Occasionally, for moments of striking stillness, I bring out the 4×5 view camera.

Large format glamour is not common today — and that’s exactly why it’s unforgettable.
It forces absolute attention: from the model, from me, from everyone in the room.

The result is a portrait that feels carved, not shot.
A moment that exists in a dimension outside time.

Film Stocks

For glamour, my usual palette is:
  • Kodak Portra 400 – warm, soft, forgiving
  • Fuji Pro 160NS (if available) – neutral and elegant
  • Kodak Tmax 400 – strong, architectural black and white
  • Ilford HP5 – grain with character (especially for 6×7 glamour)

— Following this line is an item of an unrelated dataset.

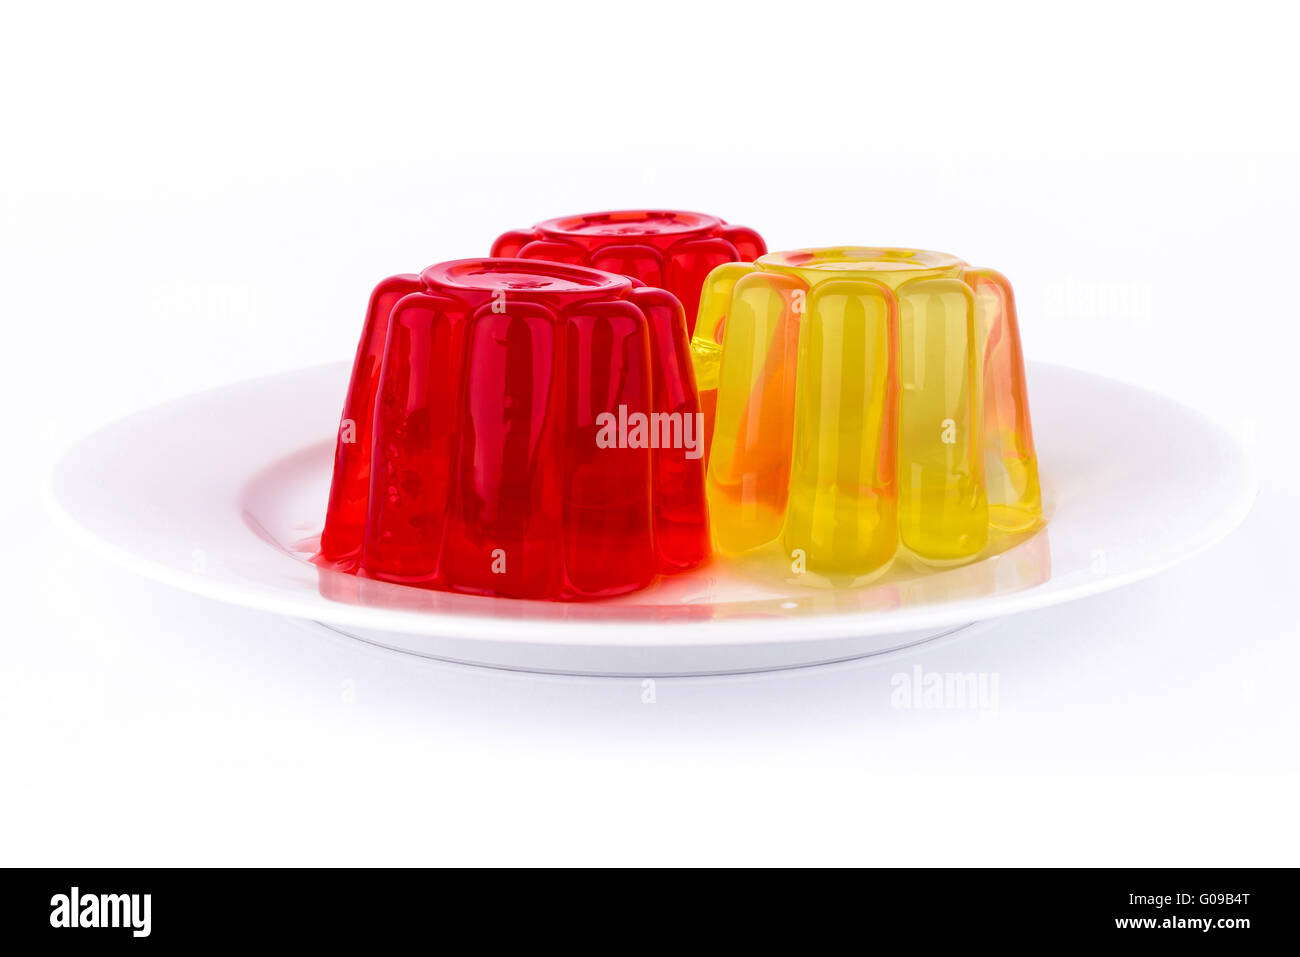 Ballistic gelatin hi-res stock photography and images - Alamy

Film stock is part of the mood. It is not just a technical choice — it’s emotional.

Lighting the Glamour Shot


Analog glamour thrives on soft directionality rather than aggressive contrast.

My typical setup includes:
  • a large octabox or umbrella
  • diffusion scrims
  • negative fill to sculpt the body
  • natural window light whenever possible

Film handles highlights differently than digital.
Where digital burns, film blooms softly.
Where digital sees flatness, film finds depth.

This is why glamour on film feels more human.




Graflex Speed Graphic 4x5 + 4x5 Graflok back - 1944 Kodak Aero Ektar 178mm f 2.5 WWII Usaf reconnaissance lens
Kodak Tmax 400 in Xtol 1+1 @20° x 11'00" - Patterson Tank + Mod54 reel - Fidelity Elite 4x5 chassis - Scan from neg - © Niccolò Barone - All rights reserved




On Set: Rhythm, Trust, and the Invisible Conversation


Working with analog on glamour means creating an atmosphere where the model can breathe into the moment.

1. A Slower Rhythm

The shutter is not a machine-gun.
With 10 frames per roll — sometimes fewer — every click is a decision.

I talk less.
I observe more.
I wait for gestures to form naturally instead of directing every detail.

This is where my years shooting fashion editorials become essential.
Editorial work taught me how to read micro-expressions, anticipate movement, and sense when a gesture will bloom into something meaningful.


2. Building Trust

Glamour cannot exist without trust.
Analog cameras help because they don’t intrude.
They don’t fire endlessly.
They don’t show the model an immediate preview to self-correct.

They create presence.
And presence creates sincerity.


3. The Invisible Dialogue

In glamour, the most important thing is not the pose.
It’s the tension between the body, the space, and the light.

Sometimes the most powerful image comes from a breath, a half-turned glance, or a small shift in weight. Analog responds beautifully to these subtleties.




1936 Contax II - Zeiss Sonnar 5cm f 1:2 - Expire 1600iso film Processed in C-41 standard - Scan from neg - © Niccolò Barone - All rights reserved



Interpreting Glamour: Not Performance, But Presence


There is a misconception that glamour is about seduction.
In analog photography, it is about presence.
Emotional, physical, atmospheric.

When I shoot glamour on medium or large format, I’m not asking the model to be someone — I’m asking her to inhabit a space, a gesture, a sensation.

Editorial Influence


My work in:
  • fashion magazines
  • commercial lookbooks
  • art-driven redazionali
  • international editorial collaborations

has shaped the way I read glamour.
I bring the same narrative discipline:
  • clean composition
  • controlled styling
  • emotional continuity
  • architectural use of space
  • attention to materials and skin

Glamour becomes storytelling, not display.


1990 Polaroid Spectra System


Why Analog Glamour Still Matters

In a world flooded with digital perfection, analog glamour gives us:
  • texture
  • breath
  • intimacy
  • imperfection that feels human
  • depth that cannot be replicated

For brands, magazines, and personal projects, this type of photography elevates the imagery, making it timeless rather than trendy.

For me, analog glamour is not nostalgia.
It is a return to sincerity — to the essence of what a photograph can be when all that remains is the moment itself.